Neither Cox, Barney or the Vernons have had any firearms registered in their names in the National Firearms Registration and Transfer Records database since 2005, according to the documents.

While in Anchorage, the Vernons and CS-1 reportedly met with CS-2 and an individual who identified himself as the “fuse king” in an effort to get silencers and make hand grenades functional.

Also during the trip, Vernon reportedly explained plans to kill federal Judge Ralph Beistline. The Vernons are in the middle of a court battle with the IRS over taxes, and could lose their house to pay more than $160,000 in back taxes, penalties and interest. The Vernons were representing themselves in the case and Beistline is presiding over their case. In recent cases he had expressed frustration with the Vernons for their “nonsensical” argument that the government does not have the authority to tax them.

Cox has his own history of challenging the government’s authority.
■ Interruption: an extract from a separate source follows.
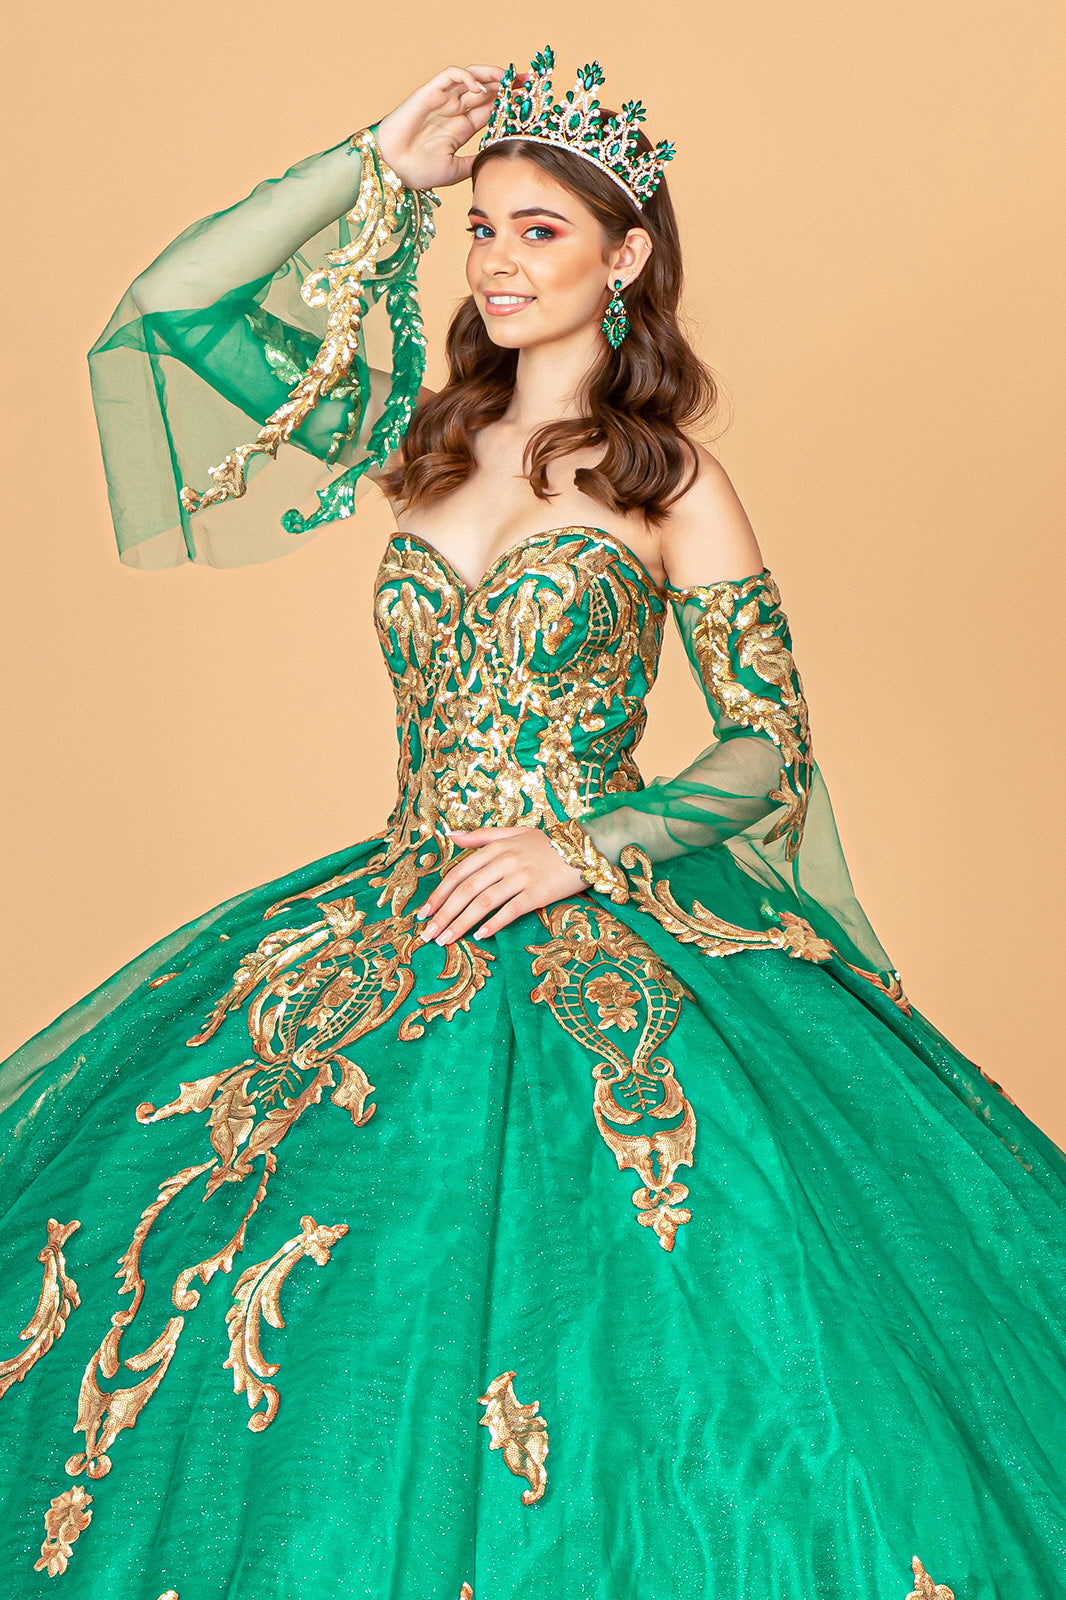 Long Strapless Ball Gown Mesh Quinceanera Dress - The Dress Outlet Emerald Green

When facing a misdemeanor charge of not notifying a police officer while carrying a concealed firearm, he also represented himself and once said he would treat a court date like an “invitation to a Tupperware party.” A warrant was issued for his arrest Feb. 14 after he did not appear at a jury trial on the misdemeanor weapons charge on that date.

Cox organized his own “common law” trial at the Fairbanks Denny’s Restaurant.

The common law court acquitted Cox of the weapons charge and a reckless endangerment charge Cox had pleaded guilty to in state court in March, 2010, according to the FBI affidavits.

Also described in the FBI affidavits is more information about weapons caches the militia reportedly had in the Fairbanks area.

One was on property rented out by Cox off Bradway Road in North Pole; another was on Chena Hot Springs Road, according to the document.

Militia members reportedly moved another cache from Barney’s house to the Fairbanks Ice Park the day of their arrests, while taking one of Barney’s children on a trip to the Ice Park.